▸ INPUT DATA:
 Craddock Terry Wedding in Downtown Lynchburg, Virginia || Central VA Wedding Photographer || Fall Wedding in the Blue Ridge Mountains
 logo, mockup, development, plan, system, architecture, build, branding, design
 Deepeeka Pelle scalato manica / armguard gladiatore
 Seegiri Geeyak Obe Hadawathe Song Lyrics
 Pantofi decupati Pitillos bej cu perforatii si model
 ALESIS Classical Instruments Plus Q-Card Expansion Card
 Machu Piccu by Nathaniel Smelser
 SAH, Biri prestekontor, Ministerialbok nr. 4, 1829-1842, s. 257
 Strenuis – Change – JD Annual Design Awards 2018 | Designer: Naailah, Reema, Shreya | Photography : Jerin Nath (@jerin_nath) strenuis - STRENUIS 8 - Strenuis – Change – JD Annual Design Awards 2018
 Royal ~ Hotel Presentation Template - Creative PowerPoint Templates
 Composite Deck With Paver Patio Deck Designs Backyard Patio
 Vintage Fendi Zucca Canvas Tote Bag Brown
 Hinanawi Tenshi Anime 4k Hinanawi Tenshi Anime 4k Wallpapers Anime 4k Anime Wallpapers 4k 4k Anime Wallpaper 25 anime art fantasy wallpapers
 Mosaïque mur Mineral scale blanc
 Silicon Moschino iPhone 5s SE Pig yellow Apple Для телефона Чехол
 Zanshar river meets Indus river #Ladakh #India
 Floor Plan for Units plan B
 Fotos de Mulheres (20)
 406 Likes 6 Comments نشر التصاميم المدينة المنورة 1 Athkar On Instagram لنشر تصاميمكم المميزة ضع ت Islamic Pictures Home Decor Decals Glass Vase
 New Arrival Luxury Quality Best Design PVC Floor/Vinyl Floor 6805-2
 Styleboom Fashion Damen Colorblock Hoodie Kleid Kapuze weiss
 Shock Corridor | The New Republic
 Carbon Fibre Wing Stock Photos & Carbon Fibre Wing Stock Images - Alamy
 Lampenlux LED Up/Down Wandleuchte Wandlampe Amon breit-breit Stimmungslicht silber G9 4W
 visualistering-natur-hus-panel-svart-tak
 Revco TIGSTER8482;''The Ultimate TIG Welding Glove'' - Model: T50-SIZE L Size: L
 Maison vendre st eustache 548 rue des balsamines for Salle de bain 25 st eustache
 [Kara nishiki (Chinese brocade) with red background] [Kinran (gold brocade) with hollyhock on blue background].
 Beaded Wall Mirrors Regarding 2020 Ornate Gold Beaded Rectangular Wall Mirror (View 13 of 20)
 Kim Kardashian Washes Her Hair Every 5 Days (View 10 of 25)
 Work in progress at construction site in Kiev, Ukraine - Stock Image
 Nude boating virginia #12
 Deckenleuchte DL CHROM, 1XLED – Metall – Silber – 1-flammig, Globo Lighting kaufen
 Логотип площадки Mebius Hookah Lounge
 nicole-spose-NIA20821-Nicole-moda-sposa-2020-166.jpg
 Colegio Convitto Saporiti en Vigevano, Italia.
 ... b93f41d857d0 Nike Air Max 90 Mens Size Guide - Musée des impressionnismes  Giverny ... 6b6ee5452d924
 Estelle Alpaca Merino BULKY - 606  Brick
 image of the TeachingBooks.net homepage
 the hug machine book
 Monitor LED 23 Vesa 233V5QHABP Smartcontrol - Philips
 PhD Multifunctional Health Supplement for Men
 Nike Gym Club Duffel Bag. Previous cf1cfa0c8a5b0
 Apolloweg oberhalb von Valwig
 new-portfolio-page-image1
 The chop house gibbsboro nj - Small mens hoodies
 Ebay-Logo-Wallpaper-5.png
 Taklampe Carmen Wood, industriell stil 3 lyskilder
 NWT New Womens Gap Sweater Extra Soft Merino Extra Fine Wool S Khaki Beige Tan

▸ EXERCISE DESCRIPTION:
In the listing above, find the line with "Composite Deck With" and the line with "Fotos de Mulheres (20)". Output those two lines and every line between them, exactly as written.

▸ THE ANSWER:
 Composite Deck With Paver Patio Deck Designs Backyard Patio
 Vintage Fendi Zucca Canvas Tote Bag Brown
 Hinanawi Tenshi Anime 4k Hinanawi Tenshi Anime 4k Wallpapers Anime 4k Anime Wallpapers 4k 4k Anime Wallpaper 25 anime art fantasy wallpapers
 Mosaïque mur Mineral scale blanc
 Silicon Moschino iPhone 5s SE Pig yellow Apple Для телефона Чехол
 Zanshar river meets Indus river #Ladakh #India
 Floor Plan for Units plan B
 Fotos de Mulheres (20)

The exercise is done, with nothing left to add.